Beattie recommends starting small, with a spending diary or spreadsheet to start tracking what you’re really spending your money on.
Contactless and card payments are great, but it’s easy to tap away and forget that it is real money associated to each purchase. That’s why Beattie advises going back to basics.
“Get a bit of paper, a nice new notepad or an Excel spreadsheet if that’s what you’re into and just write down everyday what you’re spending your money on,” Beattie explains.
And when she talks about writing everything down, she really does mean everything. A coffee on the school run, Amazon purchases, all the way up to those bigger household bills and debts.
In order to make the process easier for you, Mrs Mummypenny even writes down her own lists at the beginning of each week, to give you a real idea of how yours should be structured.
“Do that for a couple of weeks to see how much your spending and on what. You can also spot patterns. Like this morning, I was rushed off my feet and the easiest thing for me to do was to buy my son some breakfast. So, how can you change patterns in your mind?”
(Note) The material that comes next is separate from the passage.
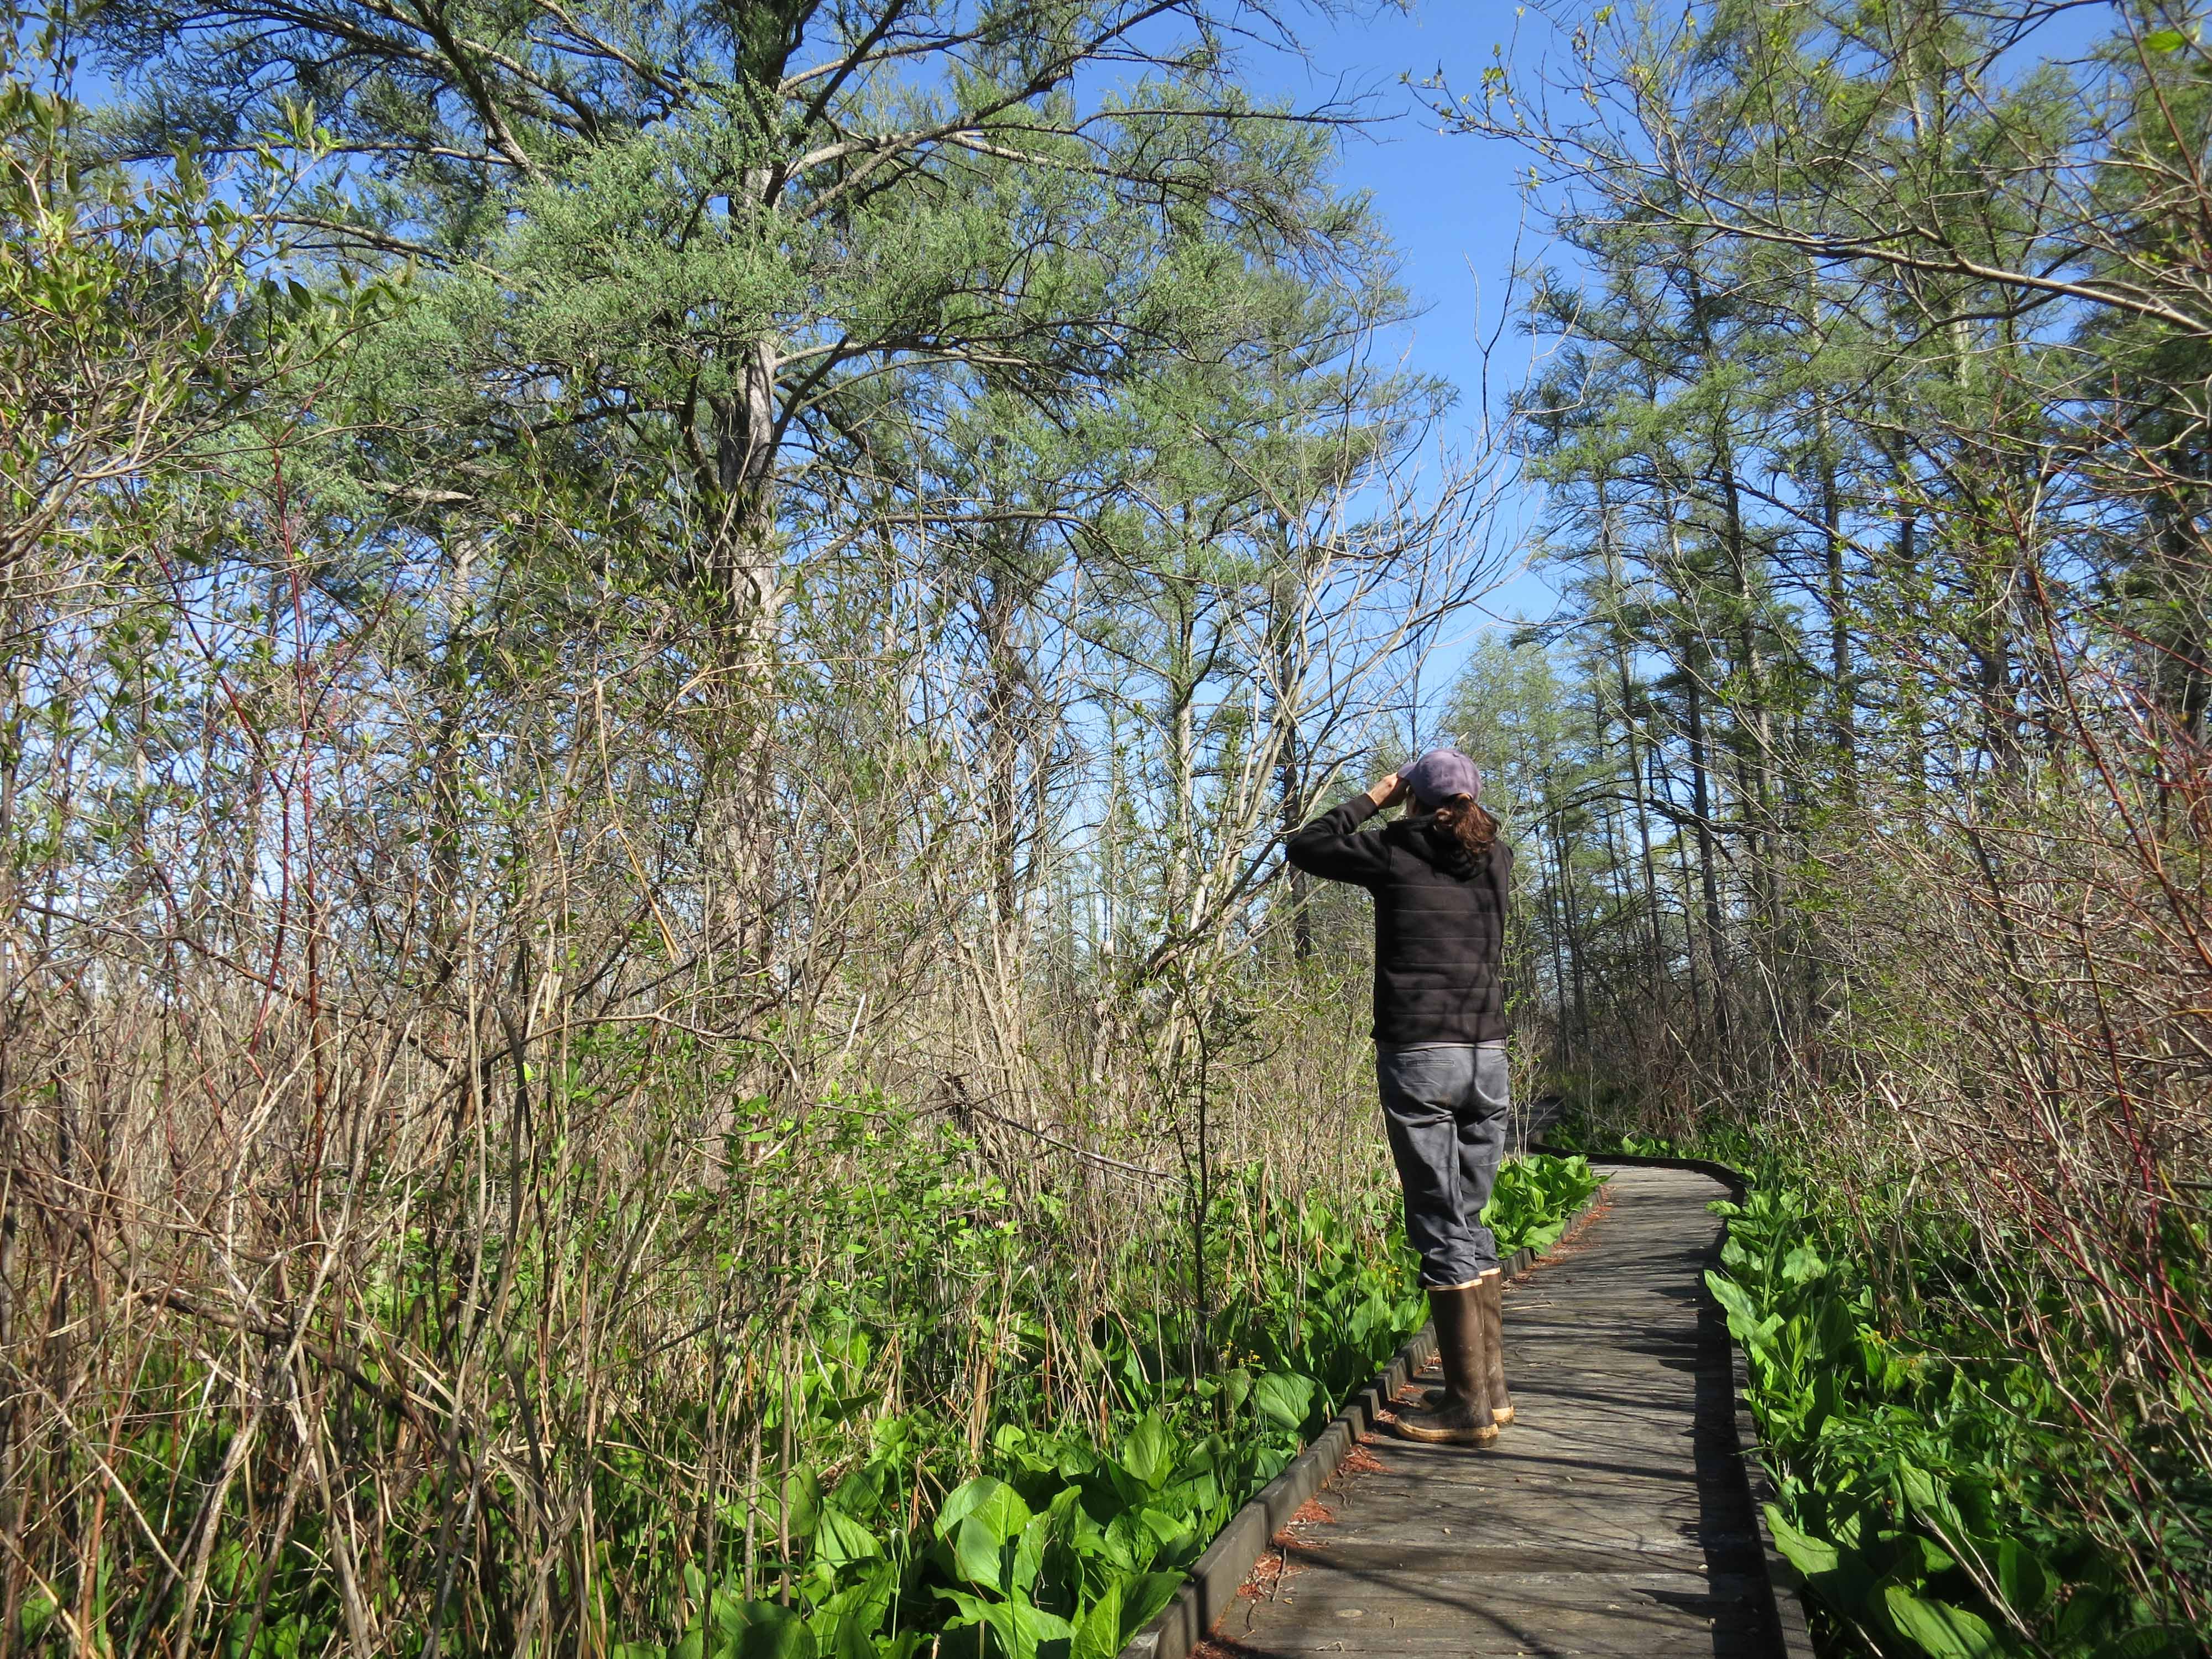 A hiker on a boardwalk trail surrounded by grasses and trees.

There are plenty of different types of spender, from the people who buy things to make themselves feel better when they’re having a bad day (Beattie describes those people as emotional spenders) to those who buy things for convenience and lack time.
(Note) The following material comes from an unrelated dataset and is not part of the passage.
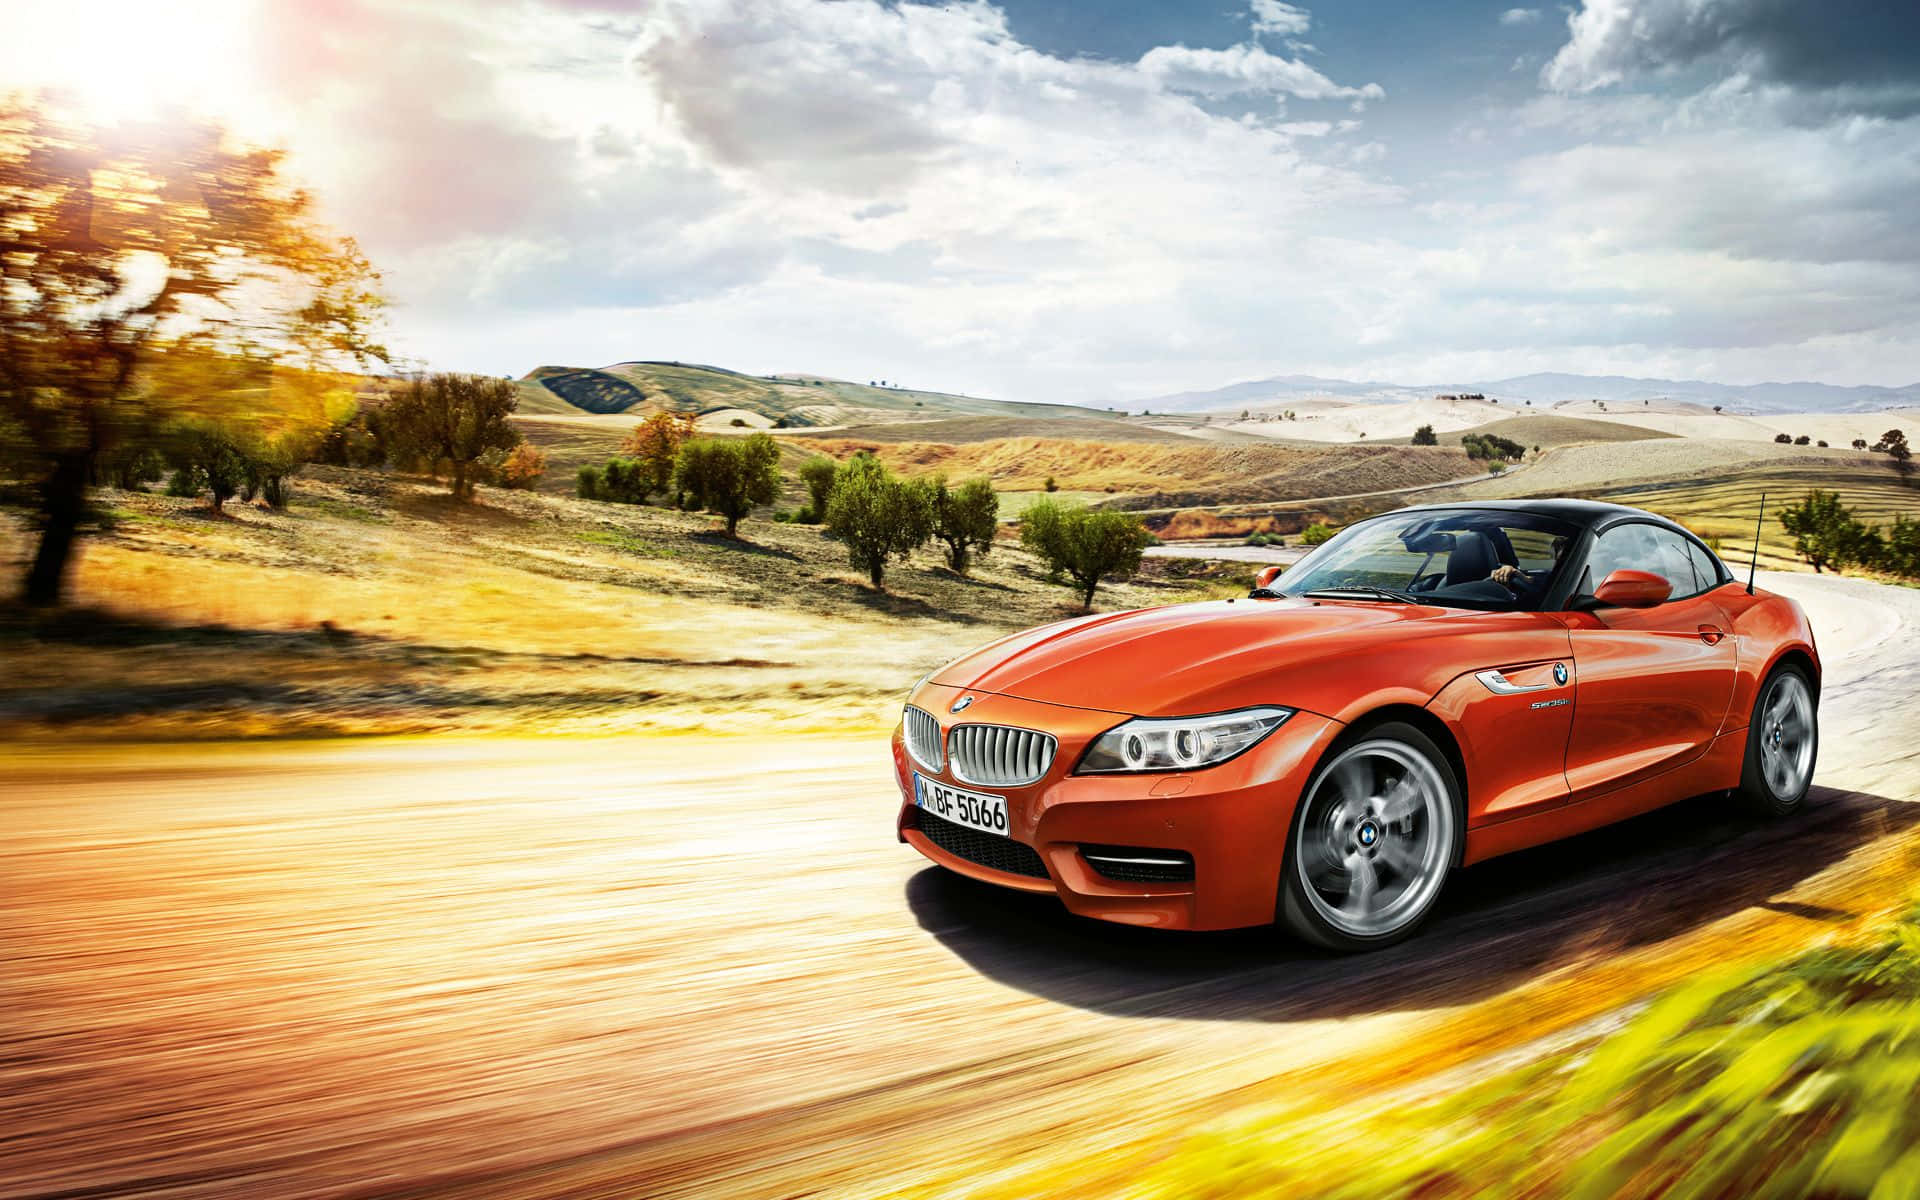 Stunning BMW Z4 Roadster in Action Wallpaper

After you’ve written down this core information, the real fun begins. Beattie explains: “Once you’ve got this core information you can move into coming up with a plan of how to save some money. And, there are some quick wins.”
Many people in the UK spend too much of their energy bills, and Beattie says that by “doing a comparison” you can most likely save some immediate pennies.
“There are loads of comparison sites out there. If you haven’t switched your bill for more than a year I can pretty much guarantee you’ll be able to save money.”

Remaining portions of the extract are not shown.